Partial Radical Vulvectomy
Partial radical vulvectomy is a significant surgical procedure primarily used in the treatment of vulvar cancer. It involves the removal of a portion of the vulva along with surrounding tissues to ensure complete excision of cancerous cells.

Key Takeaways
- A partial radical vulvectomy is a surgical procedure for treating vulvar cancer.
- It involves removing the cancerous part of the vulva and a margin of healthy tissue, often including nearby lymph nodes.
- Recovery typically spans several weeks, requiring careful wound management and restricted activities.
- Potential complications can include infection, bleeding, and lymphedema.
- The surgery aims to eradicate cancer while preserving as much healthy tissue and function as possible.

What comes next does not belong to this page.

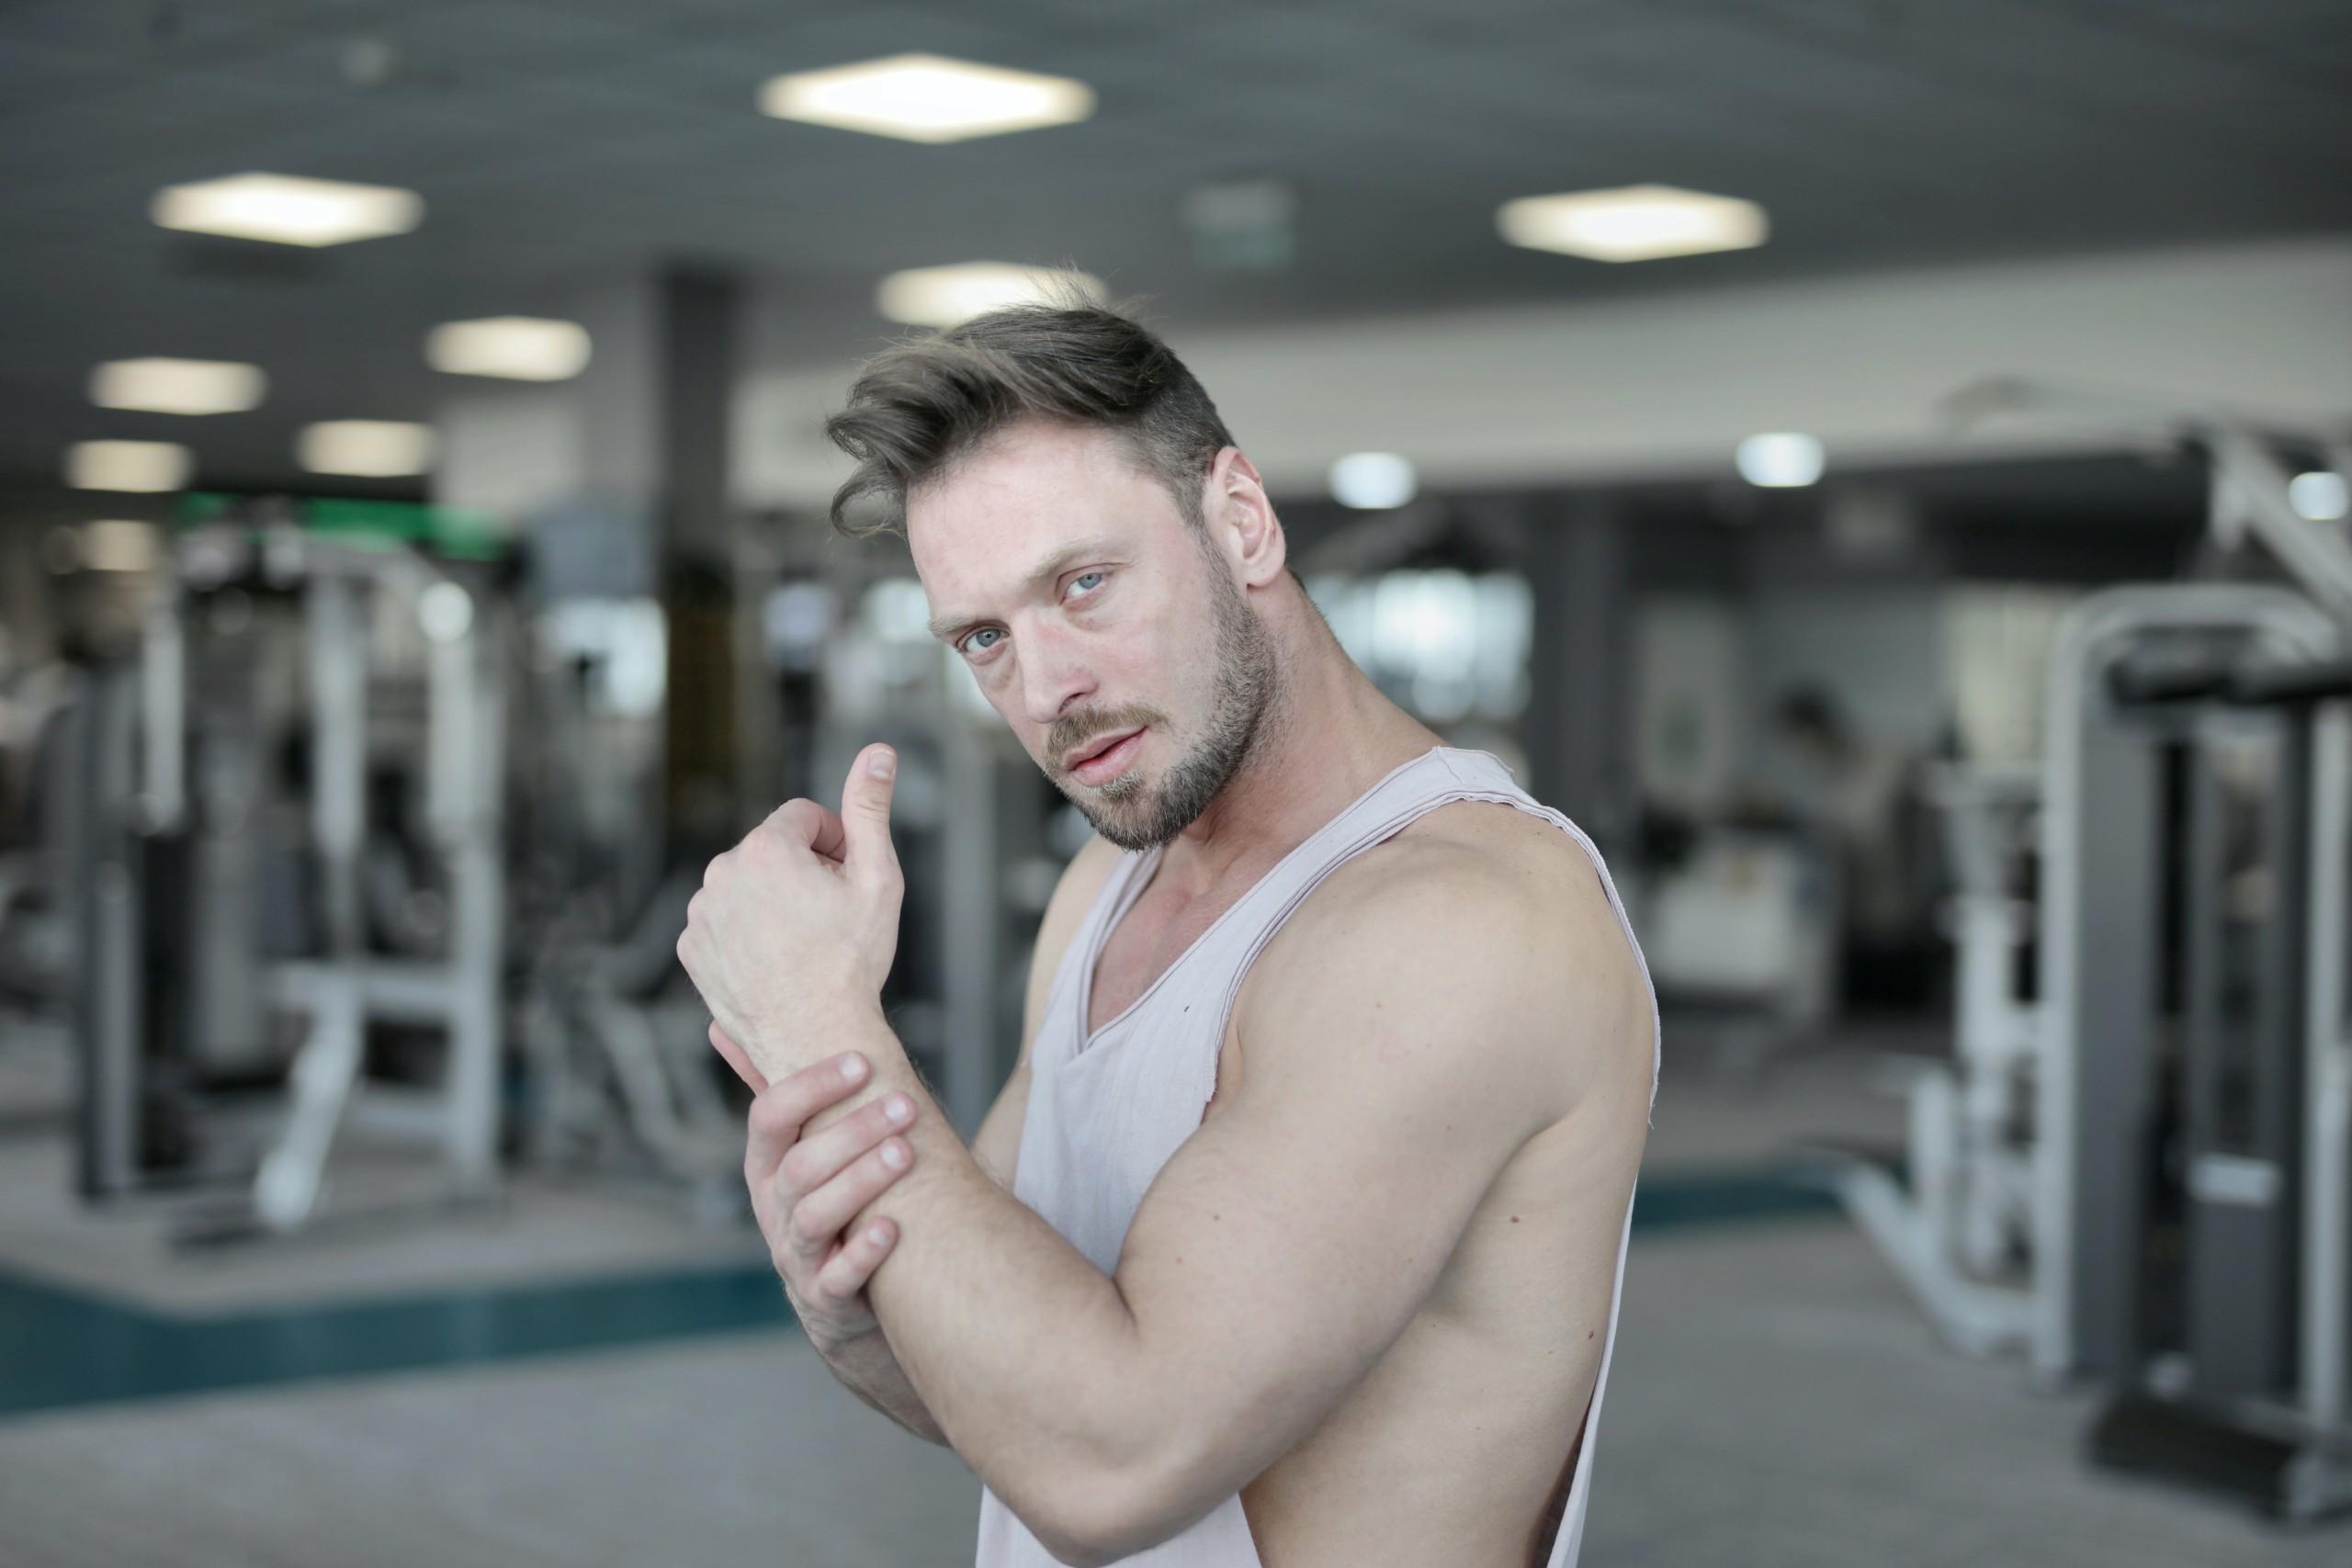 ジムトレーナー直伝】上腕二頭筋を鍛える筋トレ12選!効率良いトレーニング方法も解説   RETIO BODY DESIGN

What is Partial Radical Vulvectomy?
A partial radical vulvectomy is a surgical intervention designed to remove a specific area of the vulva affected by cancer, along with a margin of healthy tissue to ensure all cancerous cells are excised. This procedure is considered “partial” because it targets only the diseased portion of the vulva, in contrast to a total vulvectomy which removes the entire vulva. The goal is to achieve clear surgical margins while preserving as much healthy tissue and function as possible, which can significantly impact a patient’s quality of life post-surgery.
This type of surgery is typically recommended for early-stage vulvar cancer or when the cancer is confined to a specific area. The extent of tissue removal depends on the tumor’s size, location, and depth of invasion. Often, the procedure also involves a sentinel lymph node biopsy or a more extensive lymphadenectomy (removal of lymph nodes) in the groin area, as vulvar cancer can spread to these nodes.
Procedure Details and Recovery
The partial radical vulvectomy procedure details involve several key steps. The surgery is performed under general anesthesia. The surgeon carefully excises the cancerous lesion along with a predetermined margin of healthy tissue to minimize the risk of recurrence. Depending on the cancer’s characteristics, a sentinel lymph node biopsy might be performed, where a dye or radioactive tracer is injected near the tumor to identify the first lymph nodes to which cancer cells are likely to spread. If these sentinel nodes contain cancer, further lymph node removal (inguinal lymphadenectomy) may be necessary.
After the cancerous tissue is removed, the remaining healthy tissue is carefully closed. In some cases, if a significant amount of tissue has been removed, reconstructive techniques using skin grafts or flaps from other parts of the body may be employed to help restore the vulvar anatomy and function. The duration of the surgery varies based on the extent of the cancer and whether lymph nodes are involved.
The recovery time partial radical vulvectomy can vary significantly among individuals, but typically involves a hospital stay of a few days to a week. Post-operative care focuses on pain management, wound care, and preventing infection. Patients are usually advised to avoid strenuous activities, heavy lifting, and sexual intercourse for several weeks to allow the surgical site to heal properly. Full recovery, including the resolution of swelling and discomfort, can take anywhere from 4 to 8 weeks, or even longer if extensive reconstruction was performed. Regular follow-up appointments are crucial to monitor healing and check for any signs of recurrence.
During the recovery period, patients may experience:
- Pain or discomfort at the surgical site, managed with medication.
- Swelling and bruising, which gradually subside.
- Changes in sensation in the vulvar area, which may be temporary or permanent.
- Difficulty with sitting or walking comfortably for a period.
- Emotional adjustments to changes in body image and function.
Potential Complications
While a partial radical vulvectomy is generally safe, like any major surgery, it carries potential risks and partial radical vulvectomy complications. Understanding these can help patients prepare for and manage their post-operative journey. Common complications often relate to the surgical wound. For instance, wound infections are a significant concern due to the location of the surgery, and they can delay healing. According to the American Cancer Society, wound complications, including infection and dehiscence (wound separation), are among the most common issues following vulvar surgery, affecting a notable percentage of patients.
Other potential complications include bleeding or hematoma formation (a collection of blood under the skin) at the surgical site. Pain, both acute post-operative pain and chronic pain, can also occur. If lymph nodes are removed, a significant long-term complication is lymphedema, which is chronic swelling in the legs or groin area due to impaired lymphatic drainage. While not all patients who undergo lymphadenectomy develop lymphedema, it is a persistent risk that requires ongoing management.
Less common but possible complications include nerve damage, leading to altered sensation or numbness, and in rare cases, issues with urinary or bowel function if nearby structures are affected. Beyond the physical aspects, patients may also experience psychological and emotional challenges related to changes in body image, sexual function, and overall quality of life. Comprehensive pre- and post-operative counseling can help address these concerns and provide necessary support.